Exercise requirements → Set down, exactly and only, everything from the line containing "O povo estava" down to the line containing "Ст рк исо 9001" in the data below; the pictures are not part of the copy.

Exercise data →
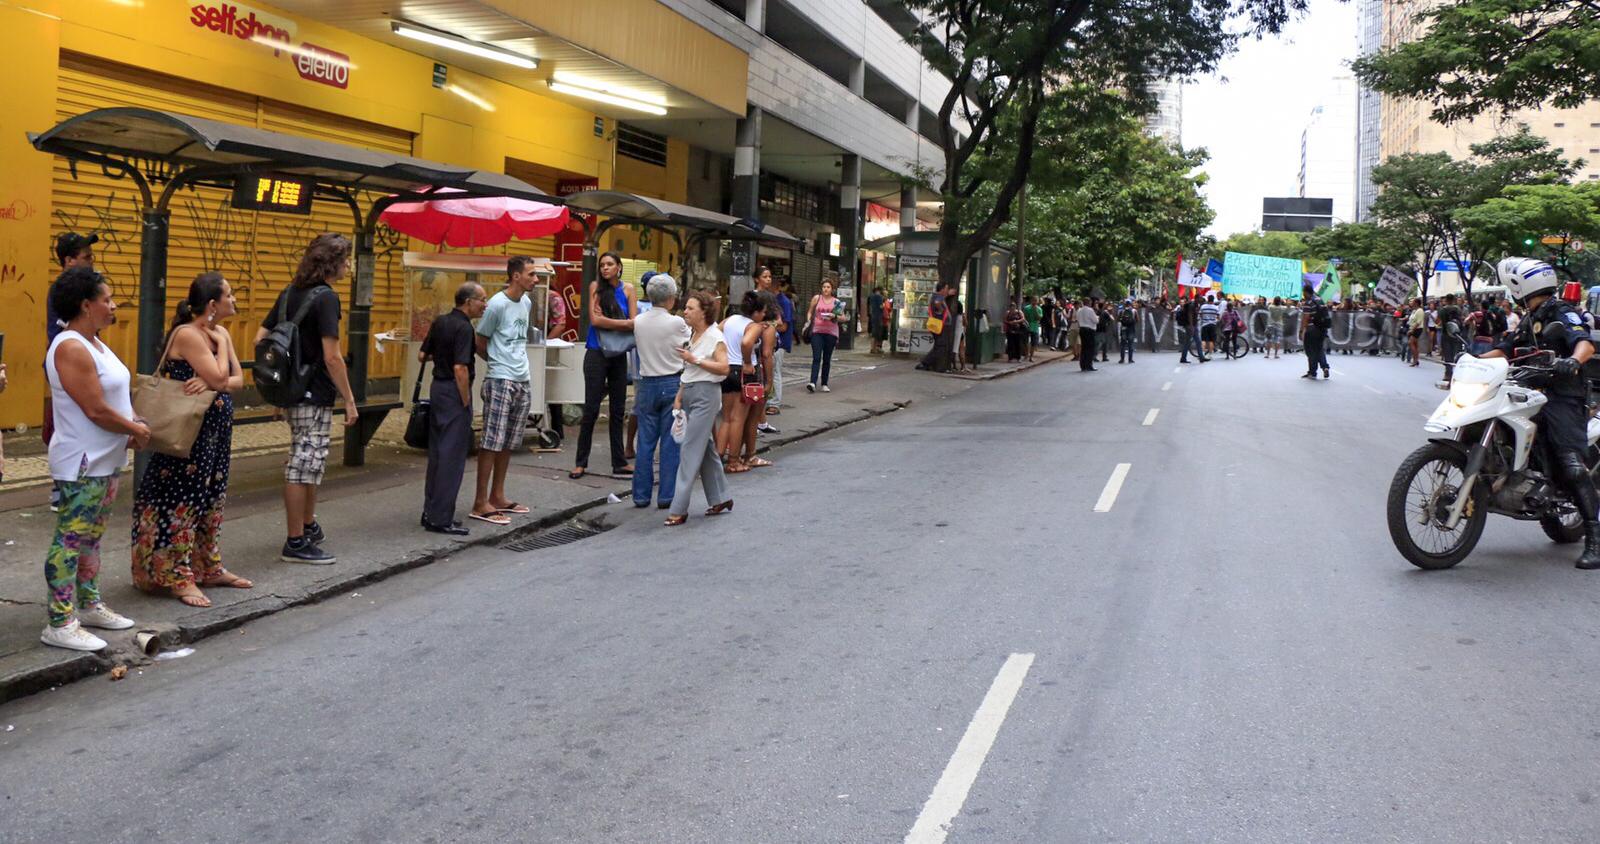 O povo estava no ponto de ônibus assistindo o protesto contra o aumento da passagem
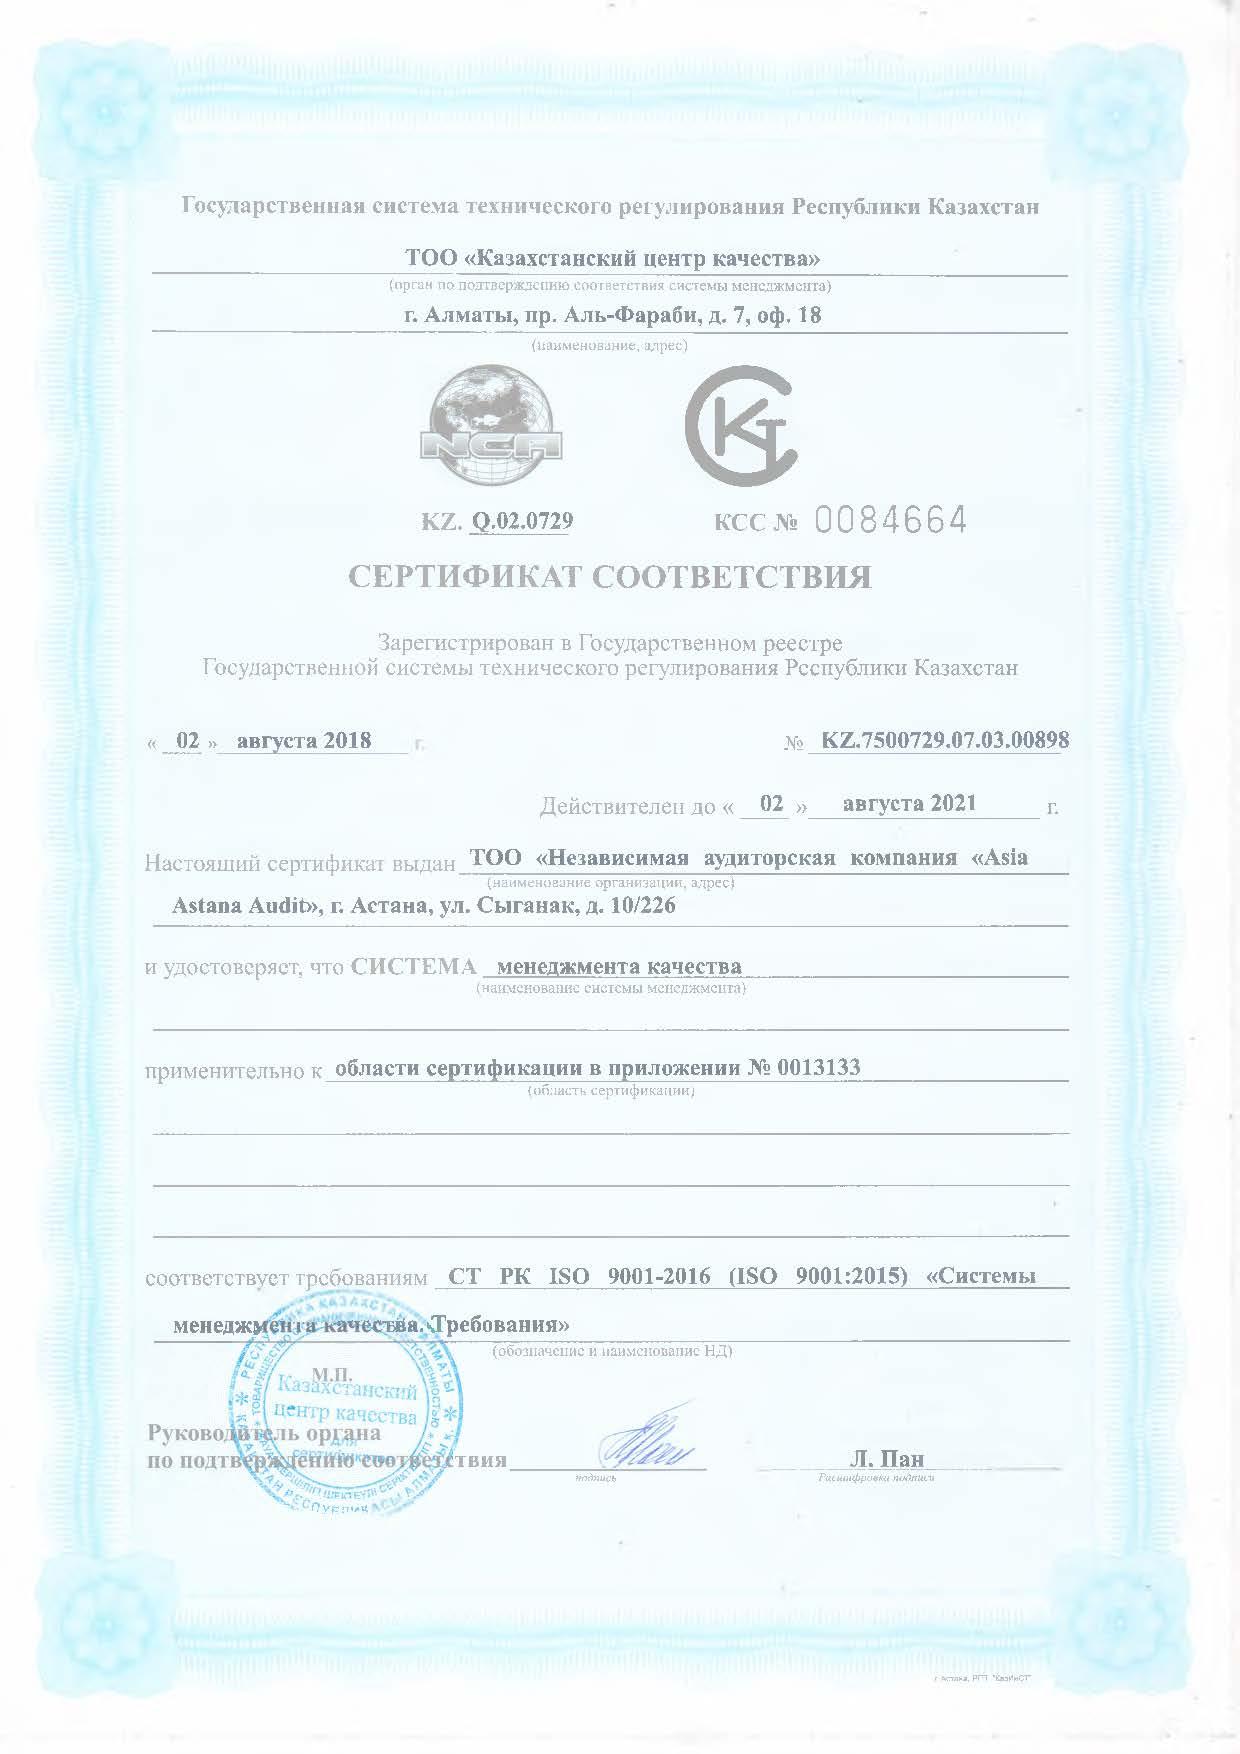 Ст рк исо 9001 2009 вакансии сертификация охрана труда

* * *

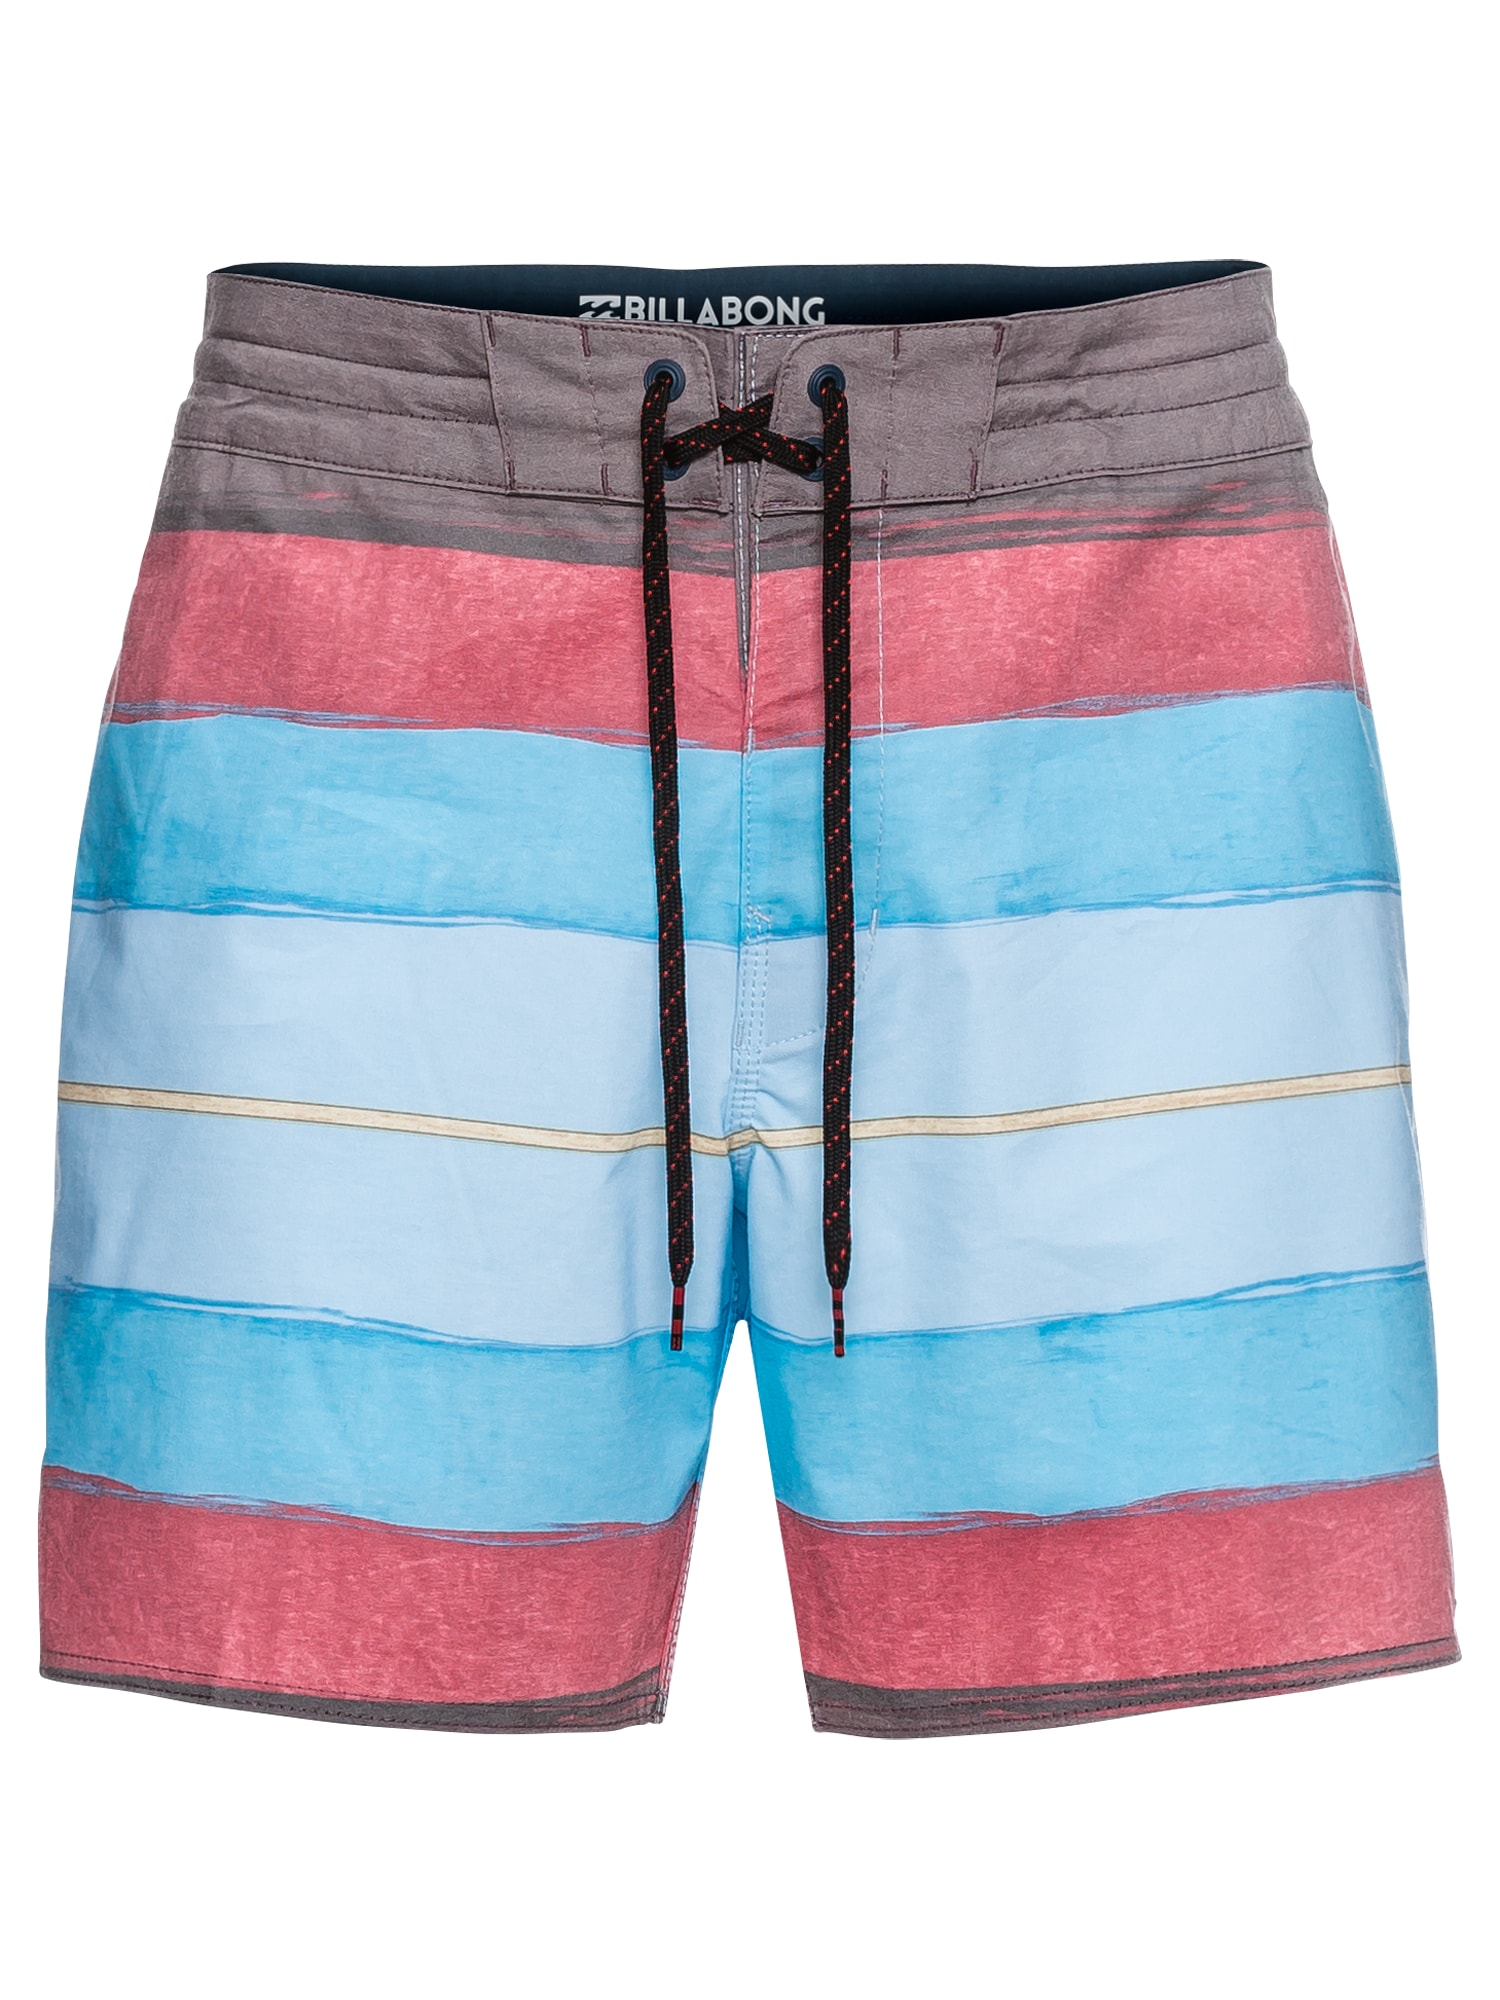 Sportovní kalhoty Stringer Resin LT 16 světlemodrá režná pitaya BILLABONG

Exercise result →
 O povo estava no ponto de ônibus assistindo o protesto contra o aumento da passagem
 Ст рк исо 9001 2009 вакансии сертификация охрана труда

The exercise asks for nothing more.